Repeat the listing exactly, line by line, and leave the pictures behind.

— Dataset excerpt —

---+---

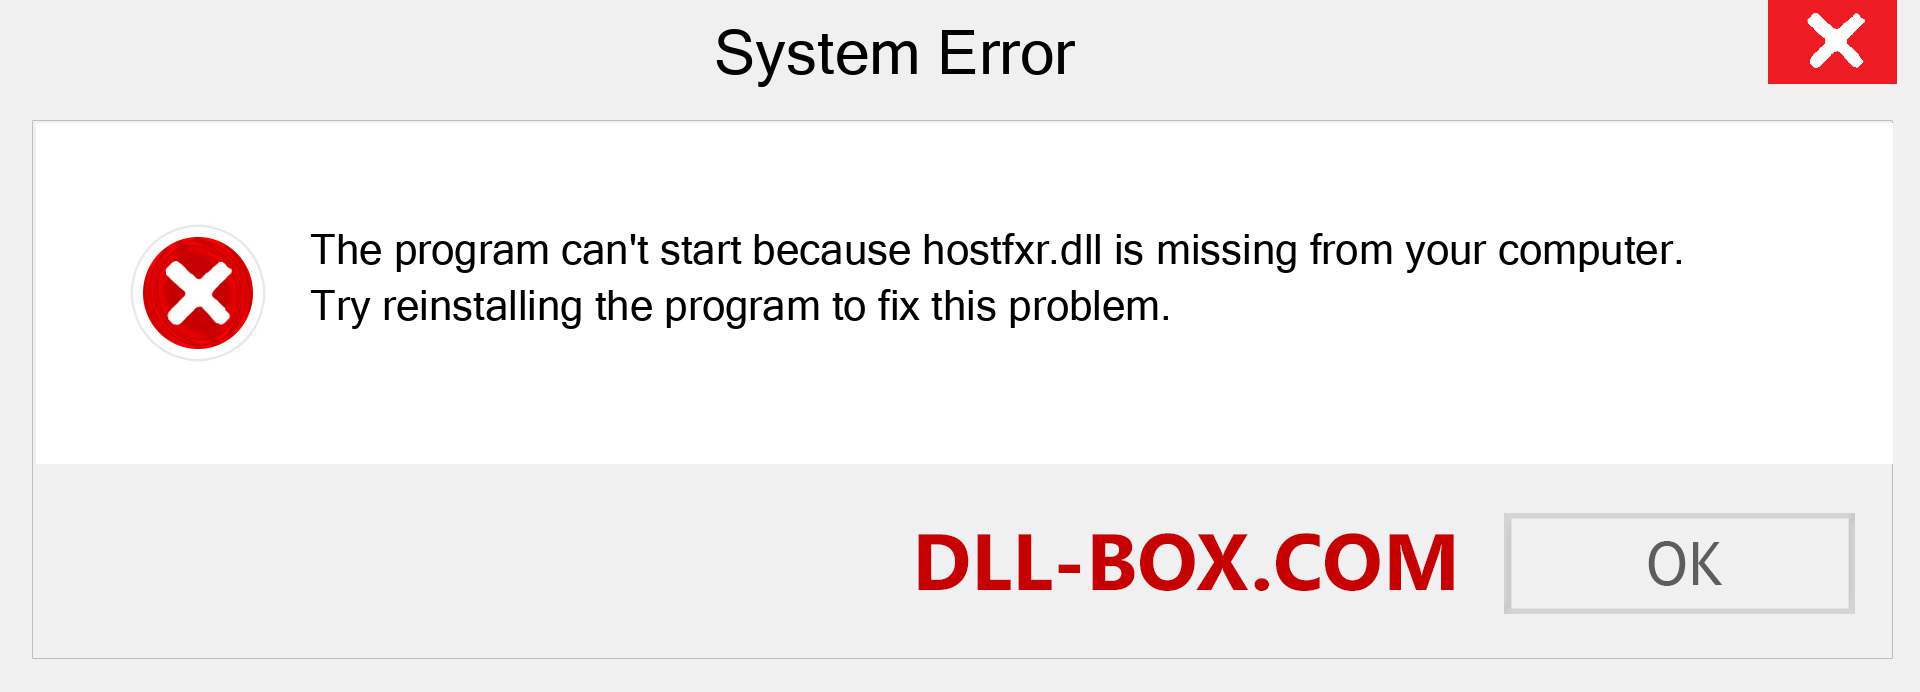  hostfxr.dll file is missing?. Download for Windows 7, 8, 10 - Fix  hostfxr dll Missing Error on Windows, photos, images
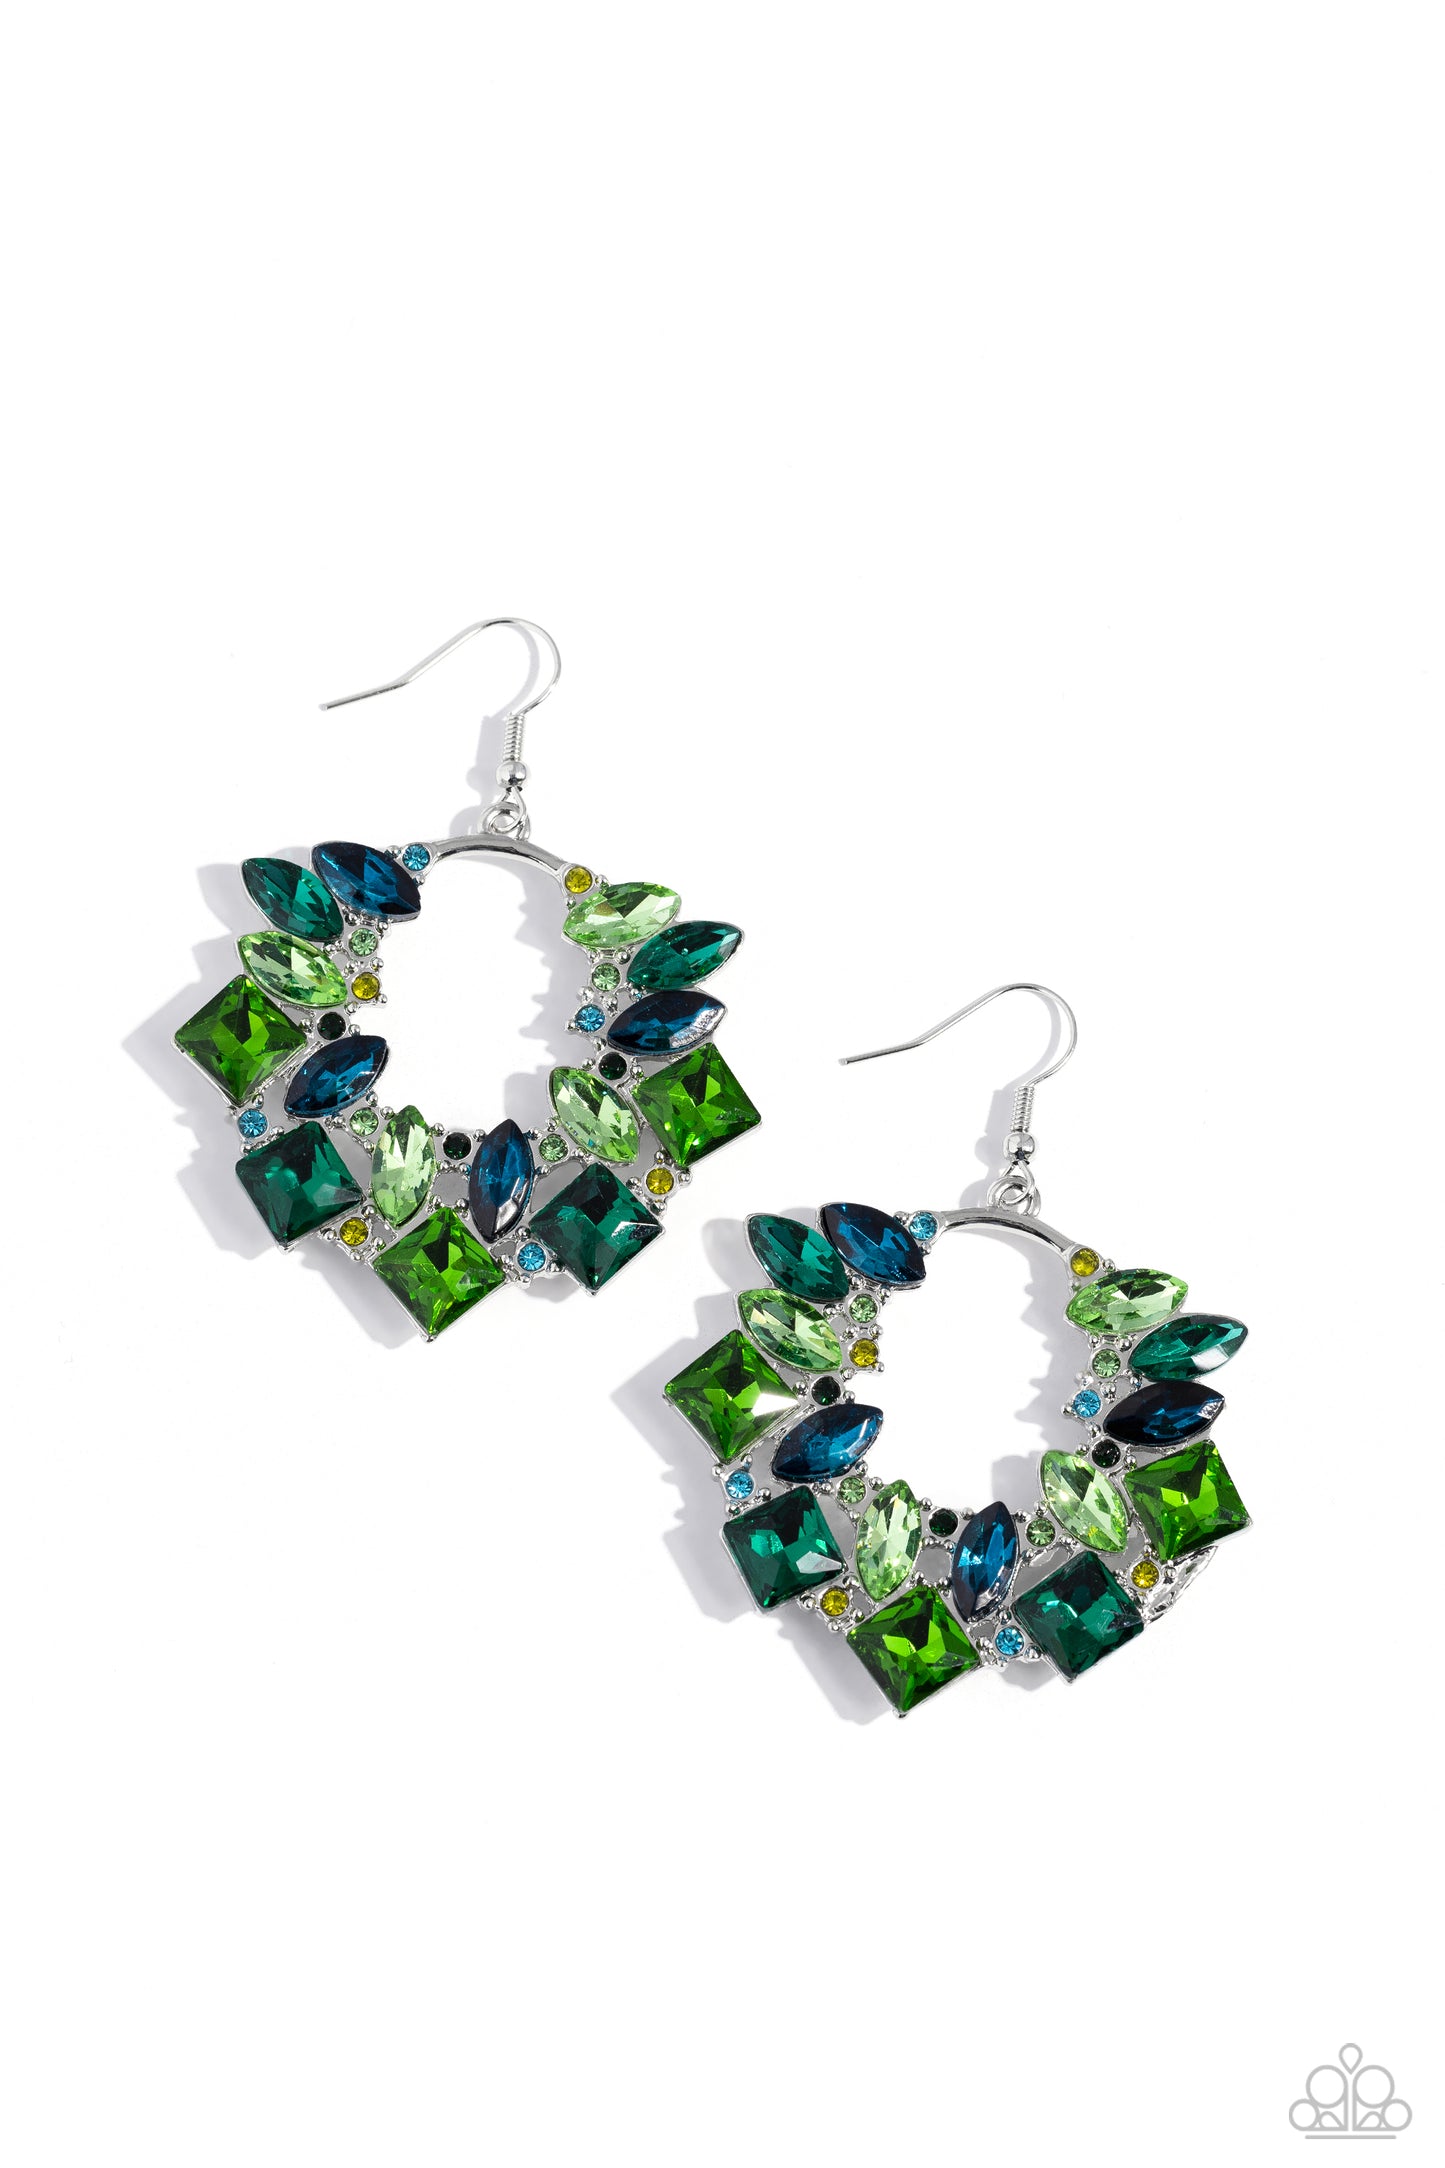 Paparazzi Wreathed in Watercolors - Green Earrings
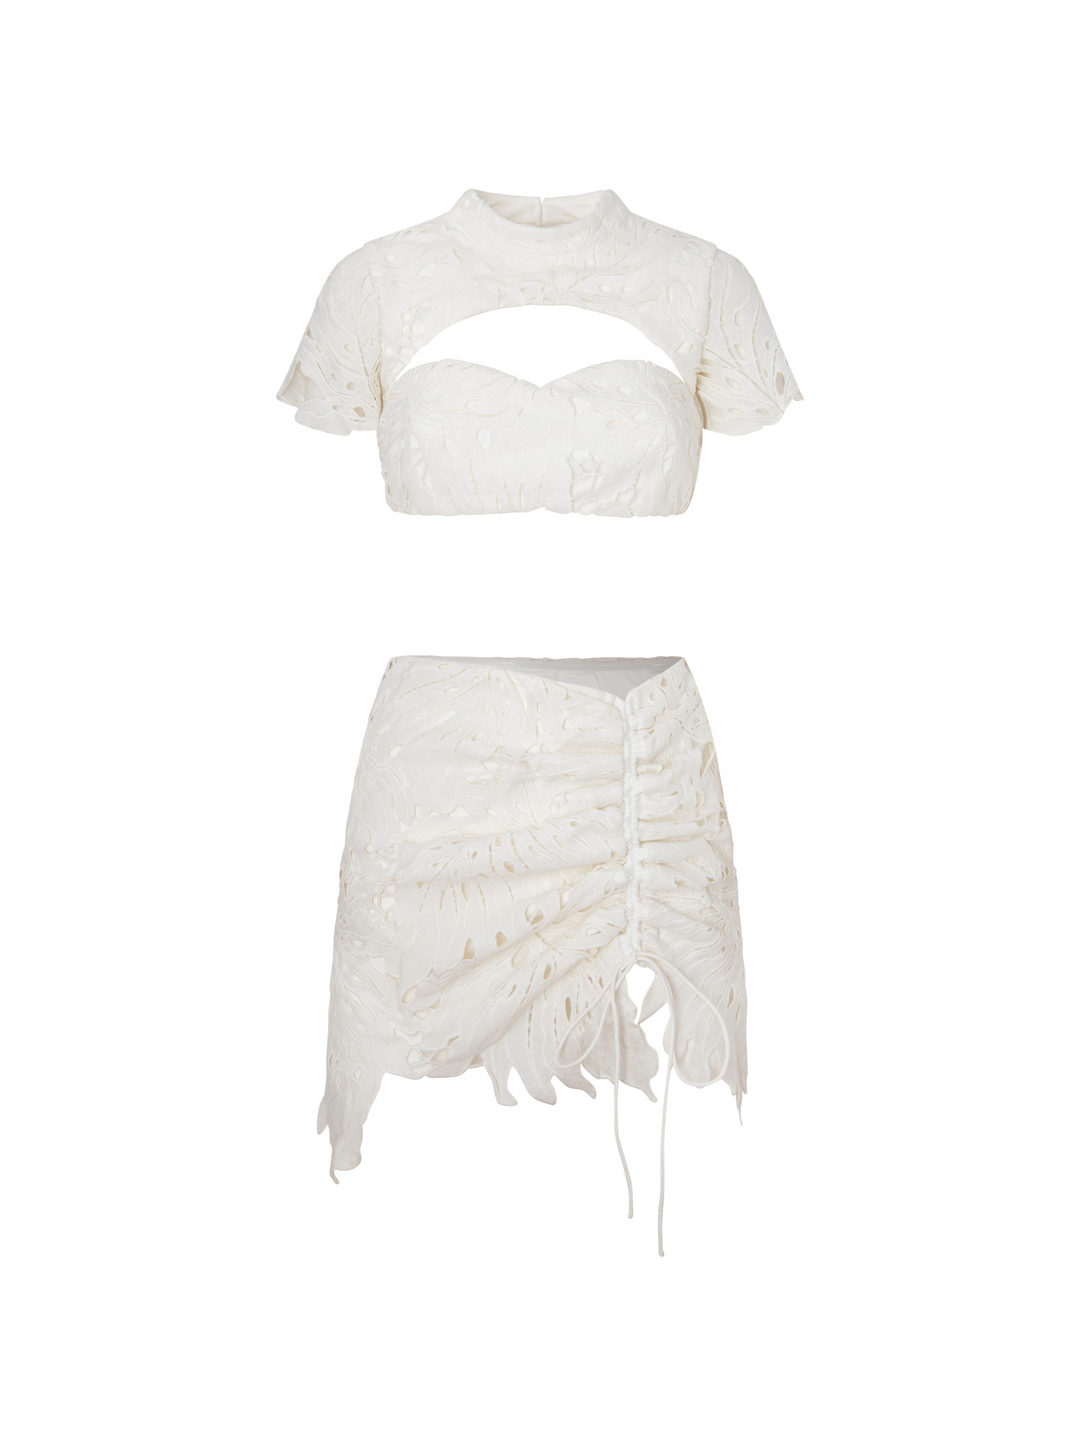 "Gardenia" Skirt, Bandeau and Sleeves 3 Piece Set - White

---+---

— Task result —
  hostfxr.dll file is missing?. Download for Windows 7, 8, 10 - Fix  hostfxr dll Missing Error on Windows, photos, images
 Paparazzi Wreathed in Watercolors - Green Earrings
 "Gardenia" Skirt, Bandeau and Sleeves 3 Piece Set - White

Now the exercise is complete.